Reports

Liechtenstein Private Bank's Profits Surge, Presses On With Restructuring

Tom Burroughes Group Editor London 22 March 2013

Liechtenstein Private Bank's Profits Surge, Presses On With Restructuring

Liechtensteinische Landesbank, the private bank based in the tiny European principality, said its net profit in 2012 surged to SFr97.9 million ($103.5 million) from SFr15.4 million a year before - a 535.5 per cent increase - while operating income rose 20.5 per cent to SFr408.9 million.

LLB has been restructuring its business lines with its “Focus2015” strategy. “It is focusing on clearly defined client segments and markets and reducing complexity and costs, thereby increasing profitability,” the bank said in a statement today.

"With the Focus2015 strategy, we are creating the basis for the sustained success and future-oriented development of the LLB Group.

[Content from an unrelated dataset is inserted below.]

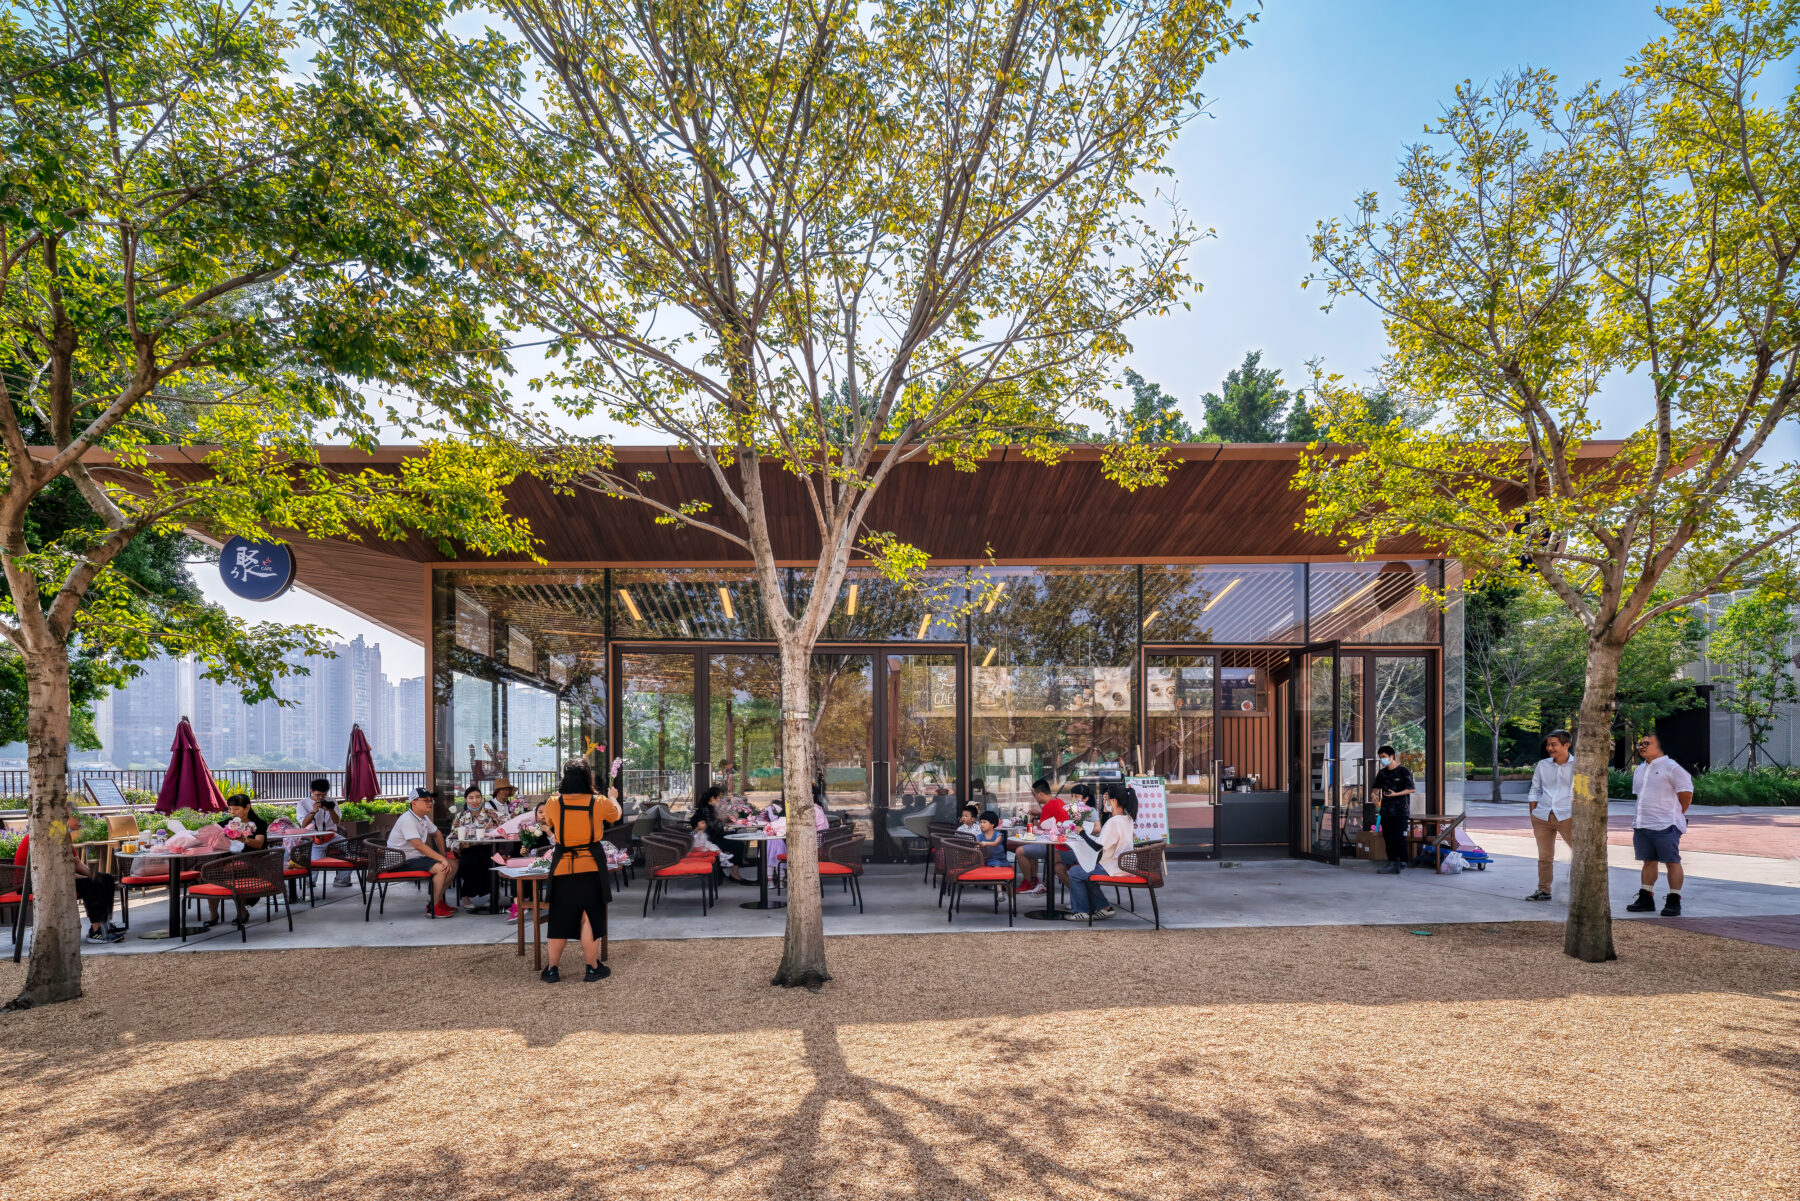 Photo of the new cafe building with people sitting at tables and view of the waterfront and city in the periphery.
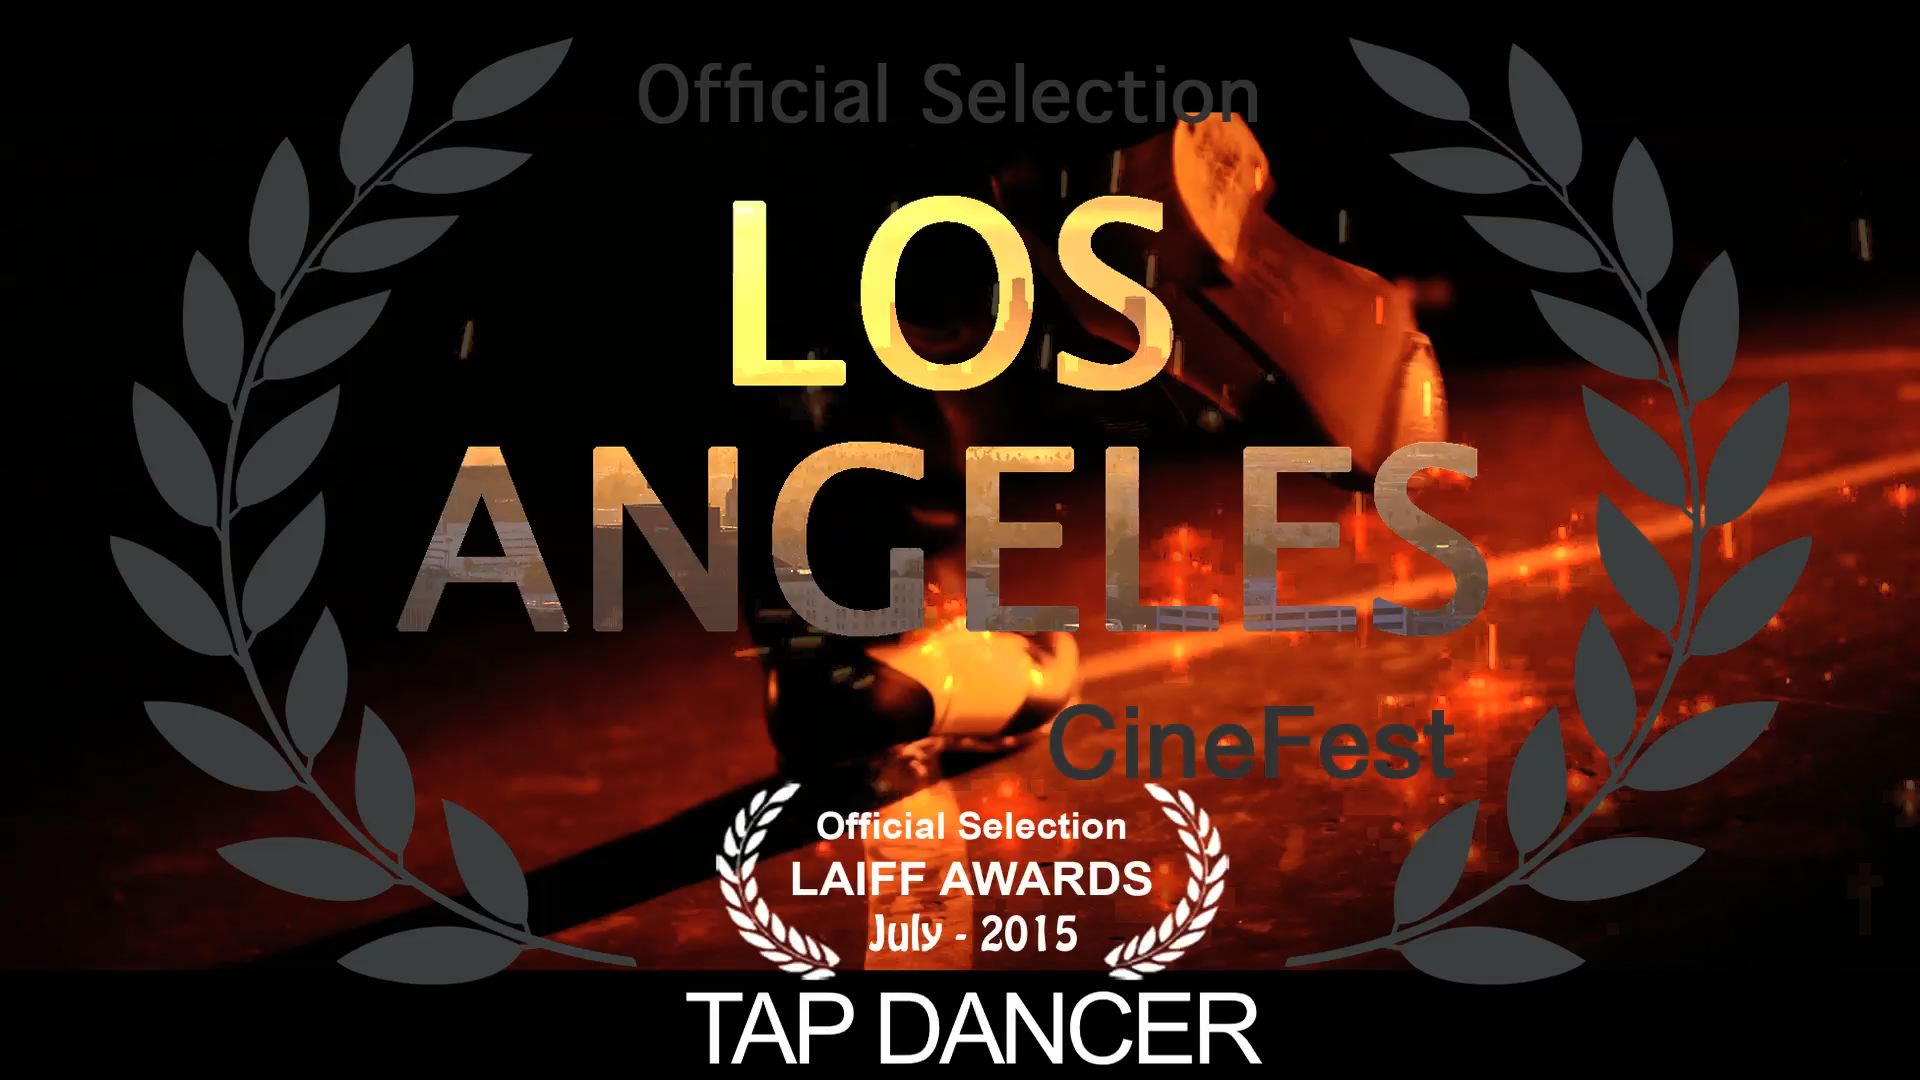 Tap Dancer, Official Selections

Over the next three years, we will consistently focus our financial and personnel resources on clearly defined client segments and markets with potential, in which the LLB Group can already demonstrate a solid position," group chief executive Roland Matt said.

The firm said the number of staff will drop to 840 full time roles; restructuring costs are expected to be around SFr7 million. By the end of 2015, LLB said it wants to achieve a cost/income ratio – currently 61.7 per cent – of less than 60 per cent; a Tier 1 capital ratio, under Basel rules, of more than 16 per cent, and a cumulative business result between 2013 and 2015 of more than SFr300 million.

Assets

Assets under management rose by 3.7 per cent year-on-year to SFr49.9 billion, driven by positive market conditions. There was a net money outflow of SFr392 million.

Net interest income fell by 4.5 per cent to SFr181.2 million, and net fee and commission income dropped 2.6 per cent to SFr203.5 million.

Personnel expenses fell by 11.2 per cent to SFr160.8 million. Administrative expenses fell by 1.4 per cent to SFr102.7 million.

The Focus2015 strategy has involved the following moves: Closure of LLB (Switzerland), sale of Jura Trust, adjustment of the network of branch offices, intensified sales and marketing activities in growth markets, and expansion of fund services.

The cost/income ratio fell to 61.7 per cent last year, against 75.9 per cent in 2011, LLB said.